You may be wondering: don't we already have a copy operator? How's this any different from MyList(const MyList& other)
? Well, the operator=
, the copy assignment operator is performed on a list that already exists, and so also includes a delete[] arr
to free the currently allocated memory. The other operation, the copy constructor, is used to create a new list with the contents of the provided list. For the detail-oriented among you this may have been obvious, however I had trouble wrapping my head around the difference between these two. C++ has something called the rule of three, which states that "if a class requires a user-defined destructor, a user-defined copy constructor, or a user-defined copy assignment, it almost certainly requires all three"(Further reading). In short: a destructor is used to free the resources held by an object once it goes out of scope or is deleted; a copy constructor is used to copy an existing object to a new object; and a copy assignment operator is used to copy an existing object to another existing object. The reason the rule of three exists is mostly because, unless otherwise defined, the compiler defaults to a shallow copy, meaning that it simply copies the pointers to the new object. If we have two objects each pointing to the same place in memory, then we have a risk of a double delete. When we first call delete arr[]

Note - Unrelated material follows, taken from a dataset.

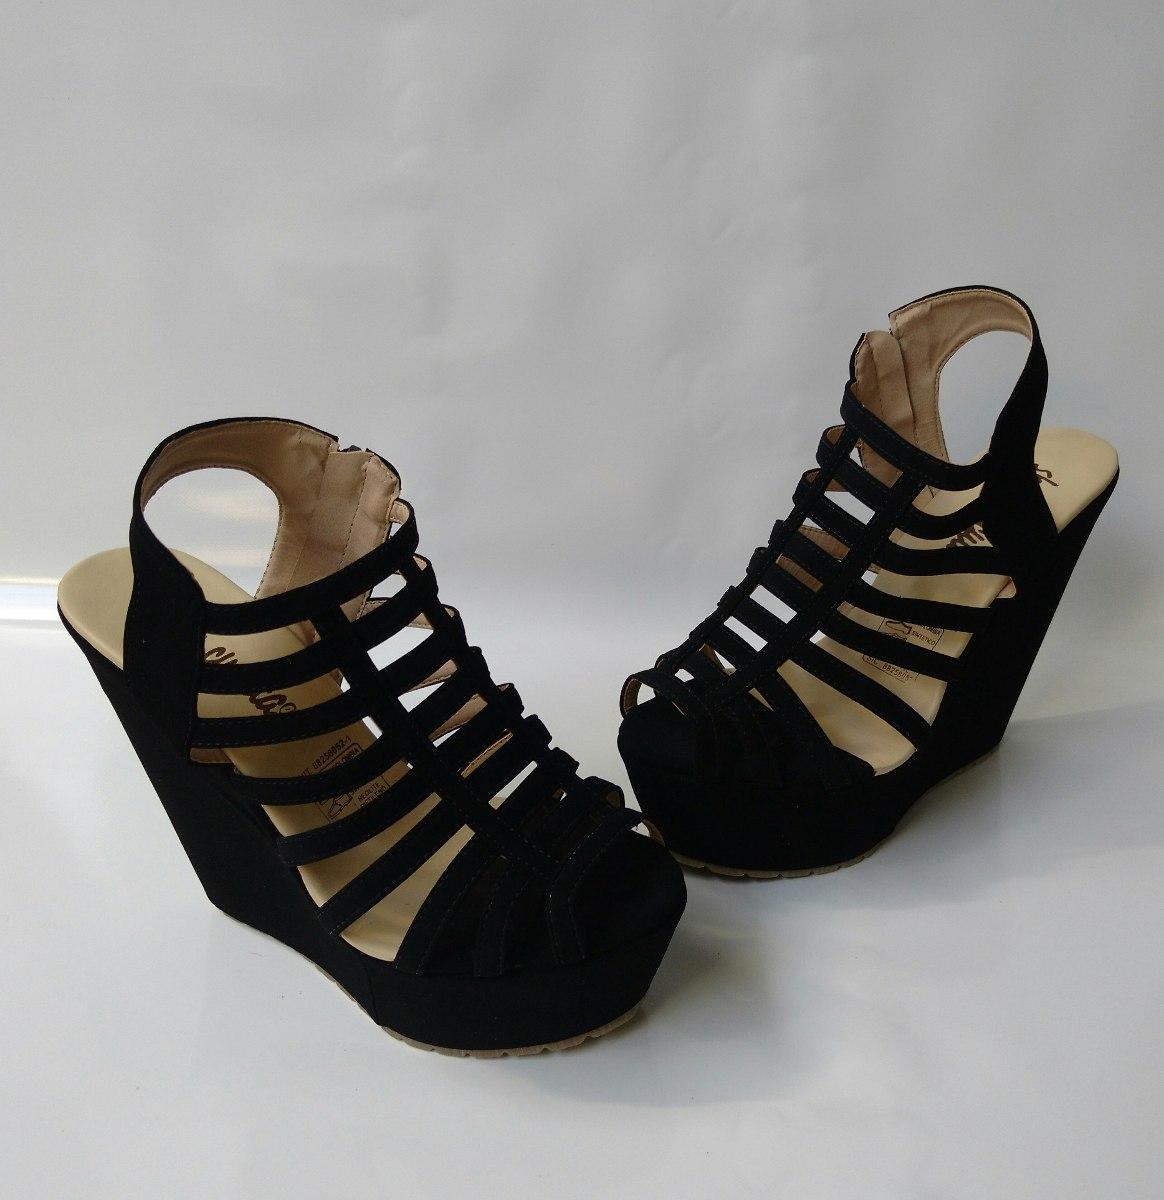 the latest 8cfc2 7ea26 zapatos-negros-mujer -tacon-corrido-plataforma-envio-gratis-D NQ NP 629115-MCO25168566632 112016- F.jpg

on the memory, it correctly frees the memory, as one would expect. When we try the second delete
is when it really hits the fan: best case scenario, it touches memory that's been returned to the operating system and triggers a segmentation fault. Worst case scenario, it "appears to work", but the heap has actually put that block in the free list twice, which can be used by bad actors to execute arbitrary code.